島本理生のはじめて読んだ小説は「リトル・バイ・リトル」
綿矢りさ金原ひとみがW受賞した時の芥川賞にこの作品もノミネートされてた。当時みんな19歳だろうか、若い女の子が3人も…と思ってノミネートの段階で3冊ともチェックしてた。
綿矢りさ金原ひとみの書く小説に対して、ああこの人たちはこれからもこういうのを書き続けるんだろうな、という印象を抱いたのに対して、島本理生はいい意味でつかめなかったの。まだまだ化けそうと思った。自分で色を塗り直していく感じがした。


ものすごい恋愛小説を書く。よしもとばななでも江國香織でも唯川恵でもないの。
どろどろしてるのに妙に明るい。でもとても痛い。
いちばんすきなのは「生まれる森」の熱を出して寝こんでしまうシーン。風邪をひくたびに思い出す。ふらっとしてふわふわしてるくせに視界があざやかな感じ。
島本理生読みたいなーっていうときがたまにあって、そういうときは彼女の小説じゃないとだめだ。雨の日に読みたい。暗い気持ちになりかけているときに、あえて燃料を与える。

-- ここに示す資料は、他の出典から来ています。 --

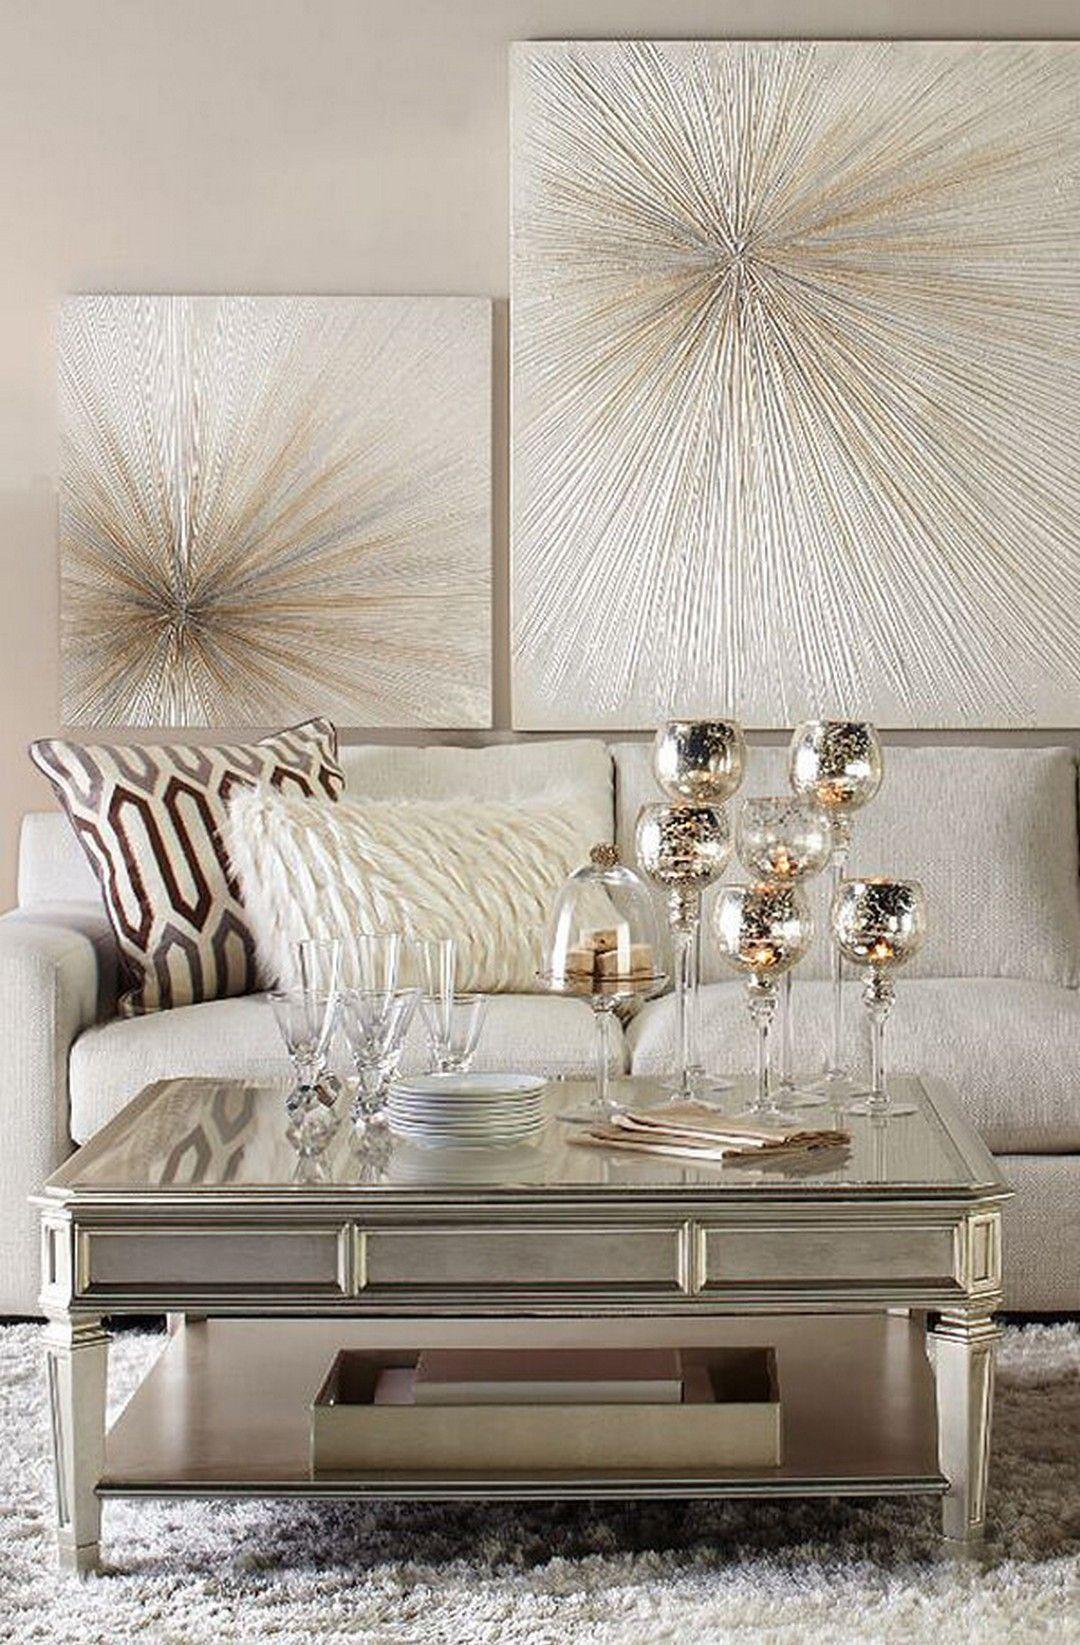 23 Charming Beige Living Room Design Ideas That Will Brighten Up ...

「大きな熊が来る前に、おやすみ。」は単行本のころからタイトルで惹かれてたんだけど、文庫になっていたのを見つけて生協で買ってしまった。新学期始まってすぐの雨の日に。
短編集だけど、すごかった。なにこの熱量。もはや執念に近いような。気迫が増したというか。
感想はうまく書けない。引用もうまくできない。切り取るだけじゃうまく伝えられない。
みんなあまりにもいびつすぎる。激しくリアリティのあるファンタジーです。

ああ、と私は心の中で痛感した。私は、この子のことが嫌いだ。それも彼女だけが嫌いなんじゃなく、彼女に代表されるような、苦労もせずに与えられた平和の中で平気で文句を言える、そういう育ちの子たち、すべてが憎いのだ。


たぶん他人との関係性で感じる汚くてどろどろした気持ちは、恋愛かどうかとか男女のどちらかだとかって、あんまり関係ないんだと思う。
そして、そういう普遍的なものを直視して言語化するのってめちゃくちゃキツいと思う。
島本理生に好感を持てるのは細かい仕草や動作の描き方がとても丁寧なところ。感情って事件とか言葉だけじゃなくて、本当にしょうもないことが影響するんだと思うから。
使おうと思ったらティッシュが空だったとか、今日はコーヒーが開けたてだからいつもよりおいしい気がするとか、そういう。
ひたすらに「女々しい」んだけどその女々しさって、男の人のなかにもおそらくあるんだと思うな。


おんなってすげえな…と思いたい人におすすめ。読むなら、秋から冬がいいと思うな。
もっと激しいのが読みたかったら次は「ナラタージュ」をどうぞ。こっちのほうが荒削りで痛いです。
このひとの小説を読んでなにを感じるかって、けっこう個人的に気になります。
絶対にいらいらすると思う。そのうえで、感想を知りたくなる。
新刊も読みたいのだけど、Amazonのレビューが悪いので、そうかあ、と思っているところ。